# [What is being asked]
Any picture in the data below should be skipped, while every line is repeated exactly.

# [Provided data]
====================

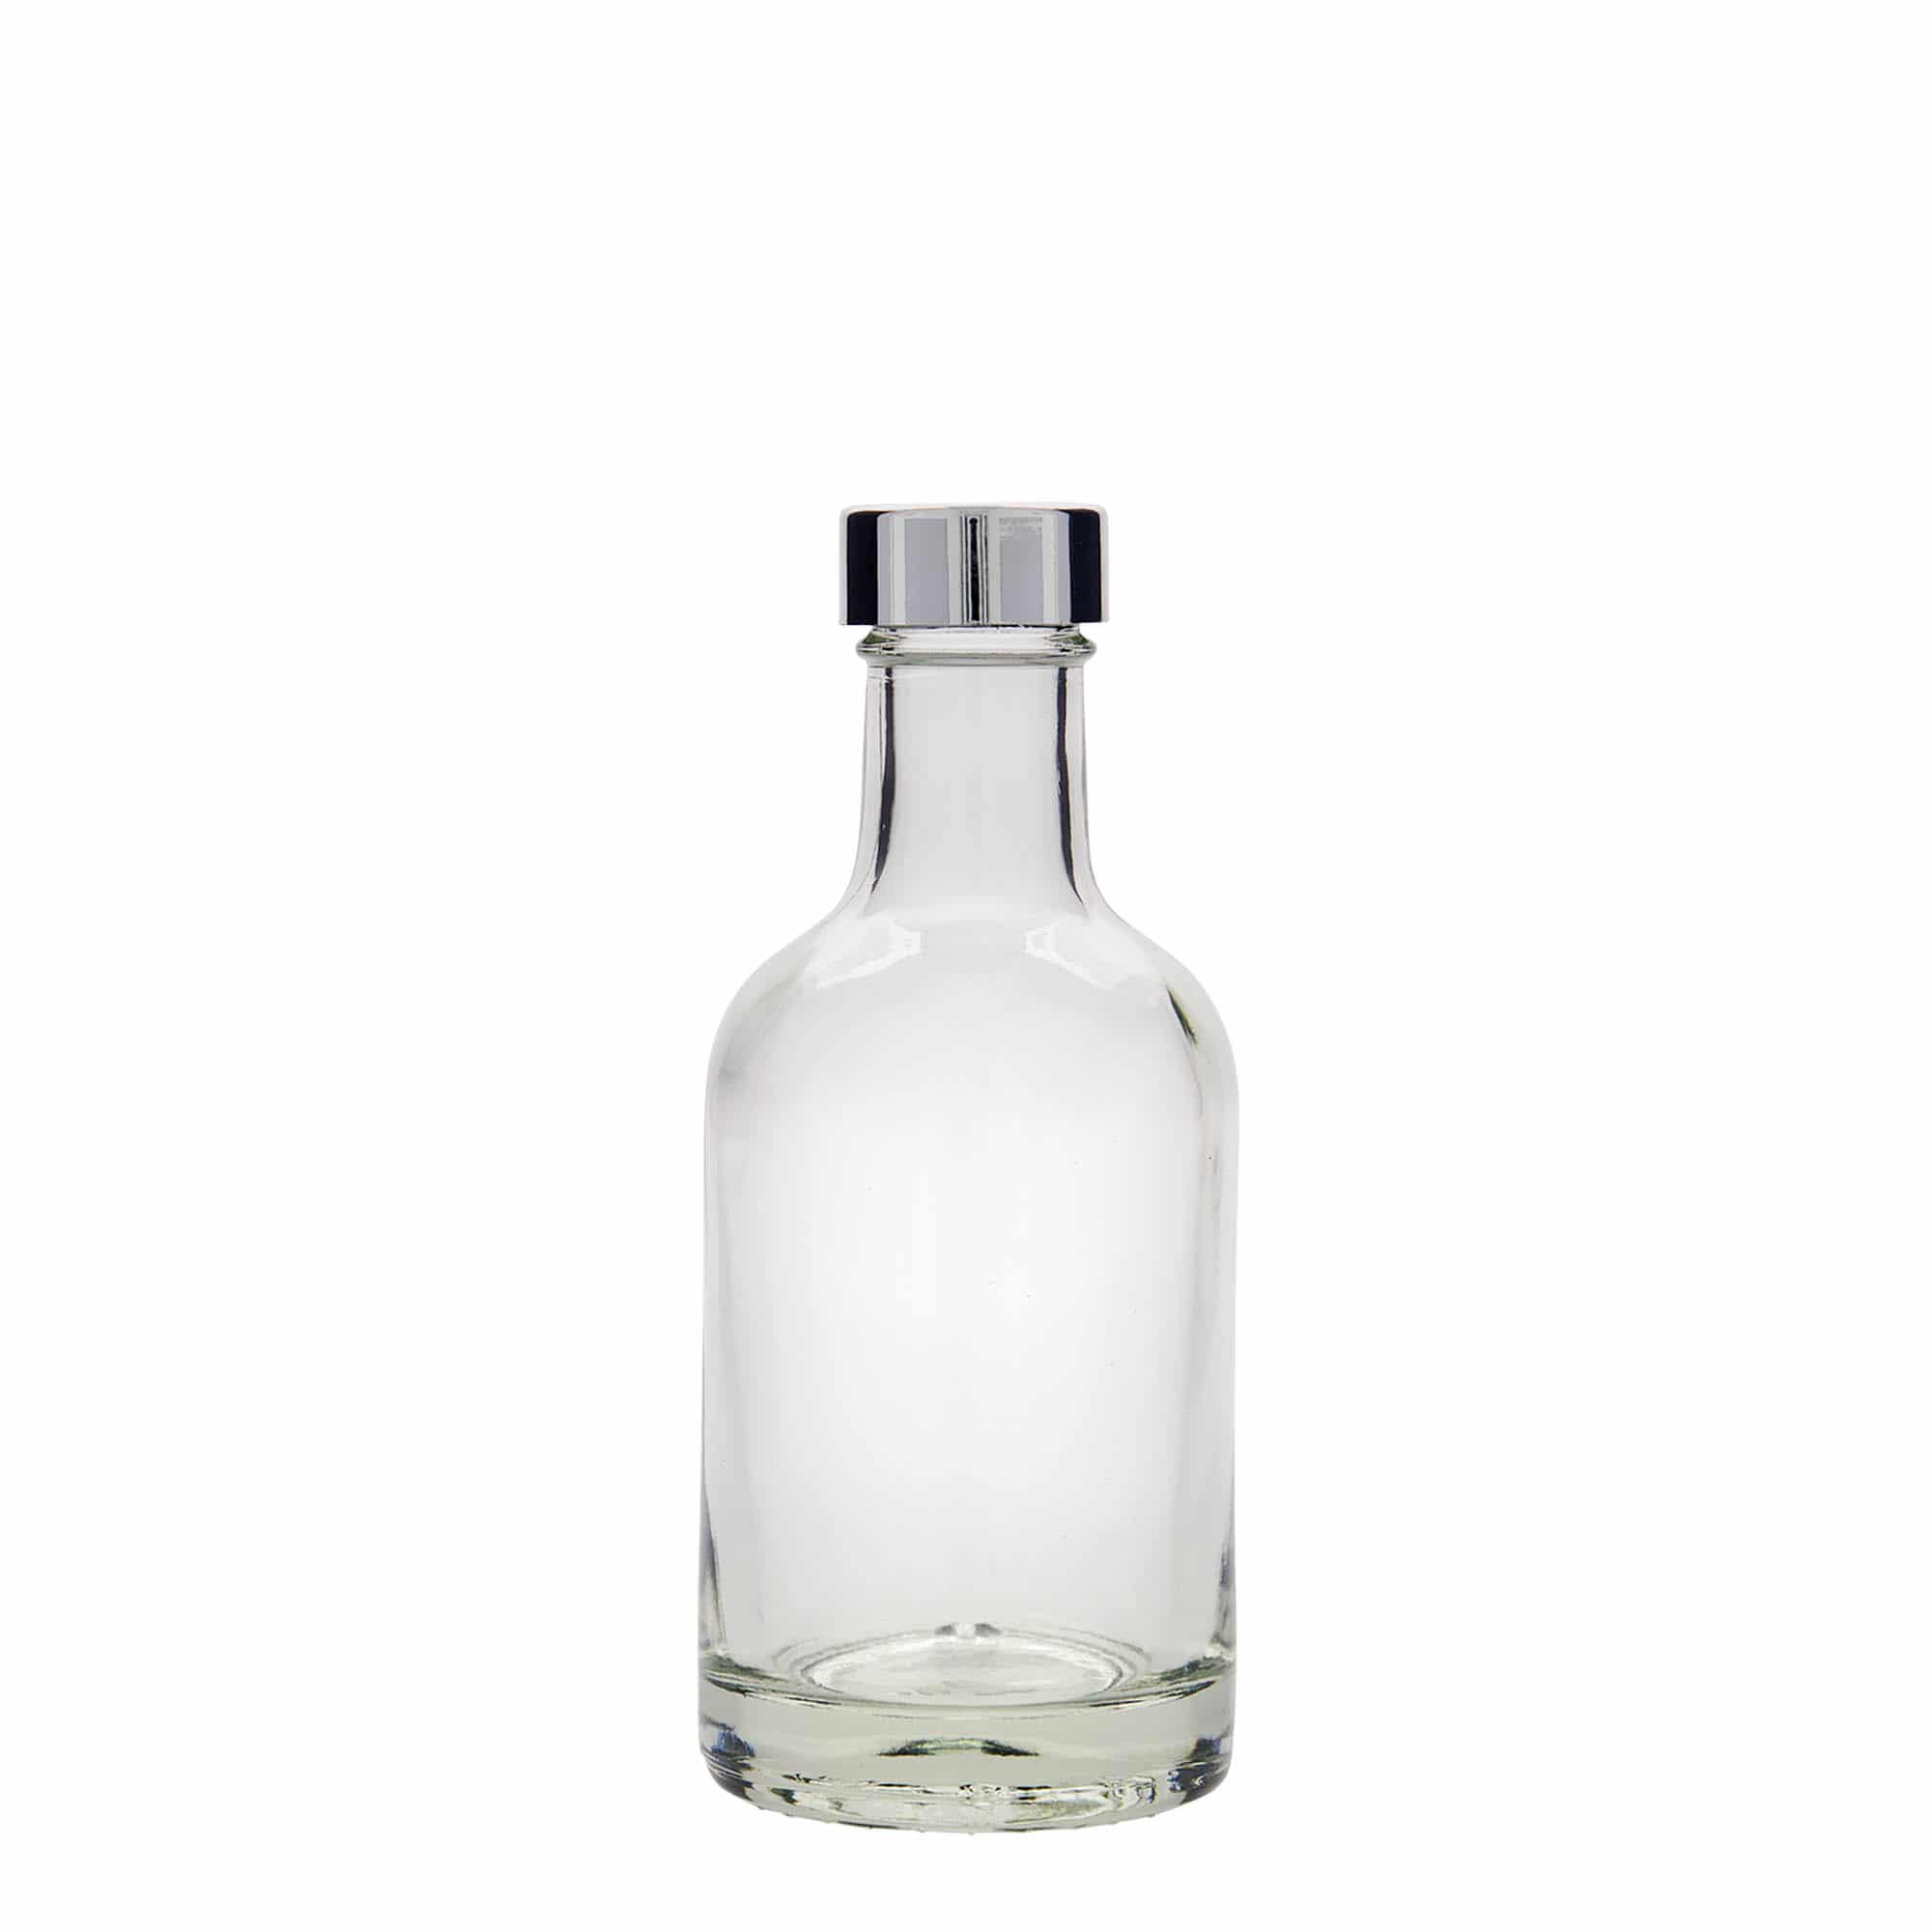 200 ml glass bottle 'First Class', closure: GPI 28
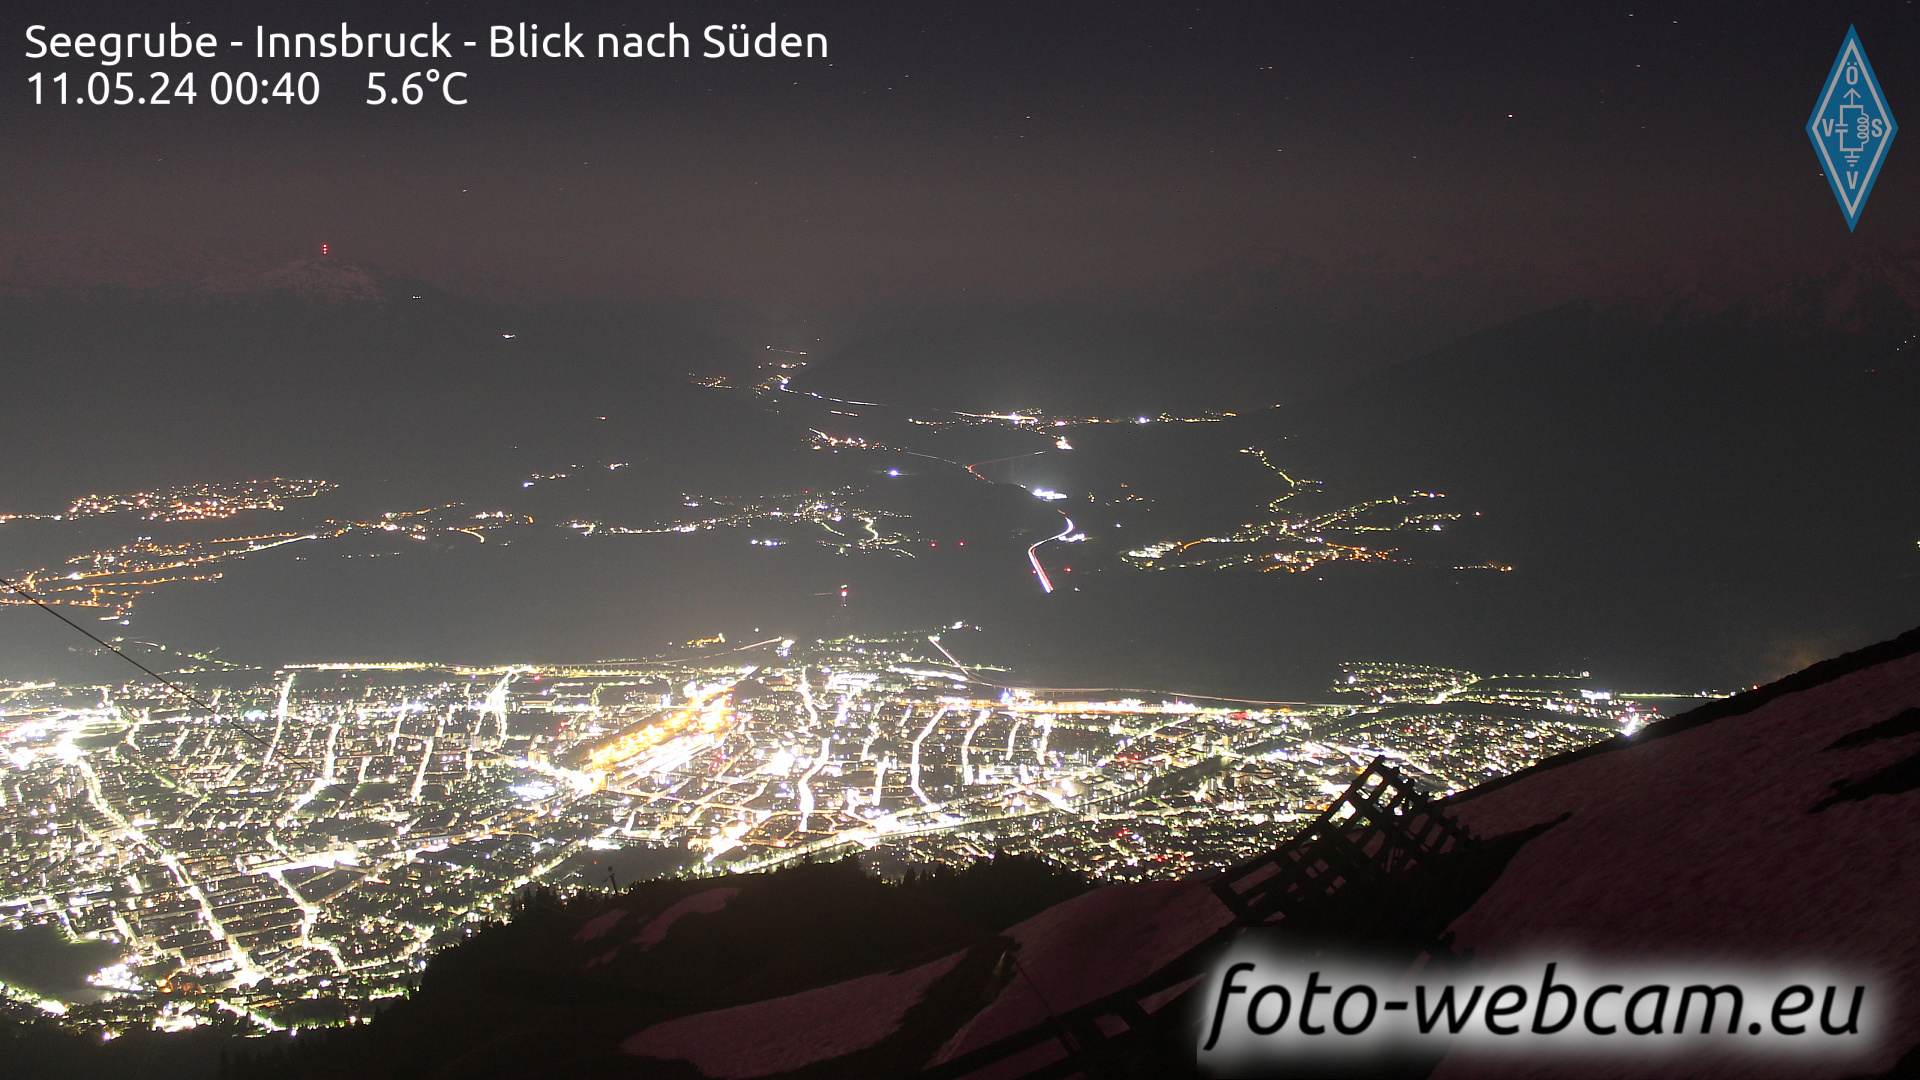 Innsbruck Fr. 00:48
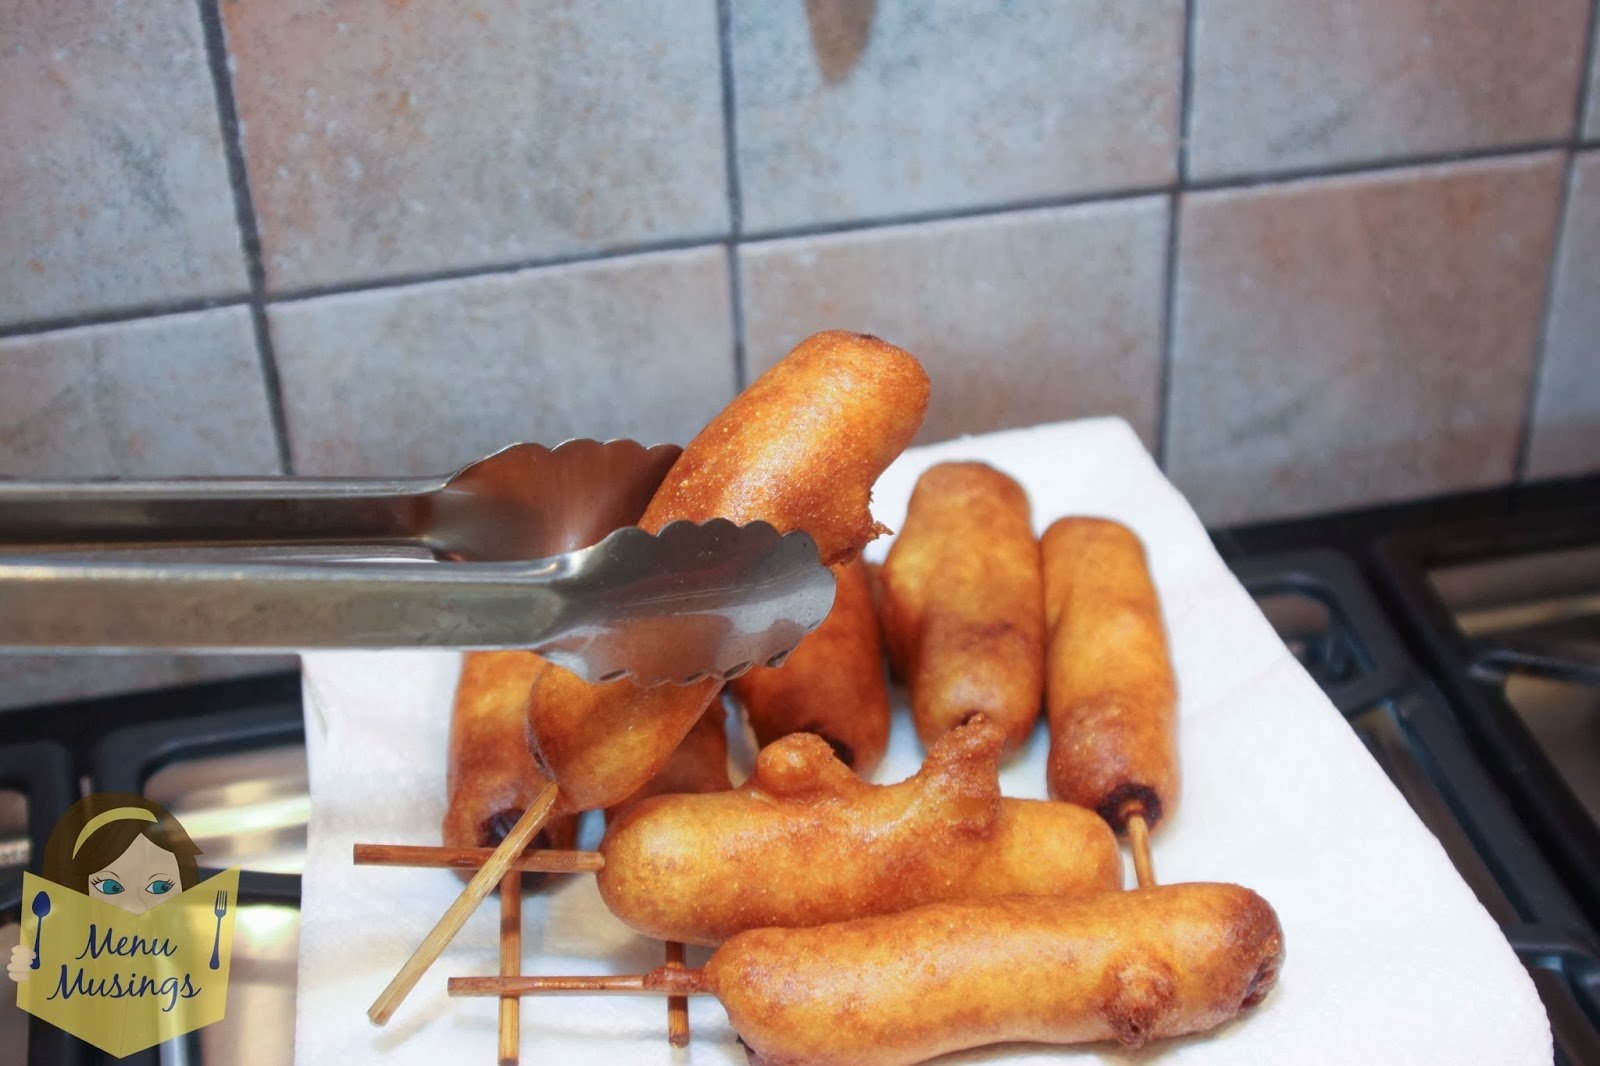 Сосиски в кляре на палочке на сковороде домашних условиях рецепт с фото пошагово

====================

# [Response for this exercise]
 200 ml glass bottle 'First Class', closure: GPI 28
 Innsbruck Fr. 00:48
 Сосиски в кляре на палочке на сковороде домашних условиях рецепт с фото пошагово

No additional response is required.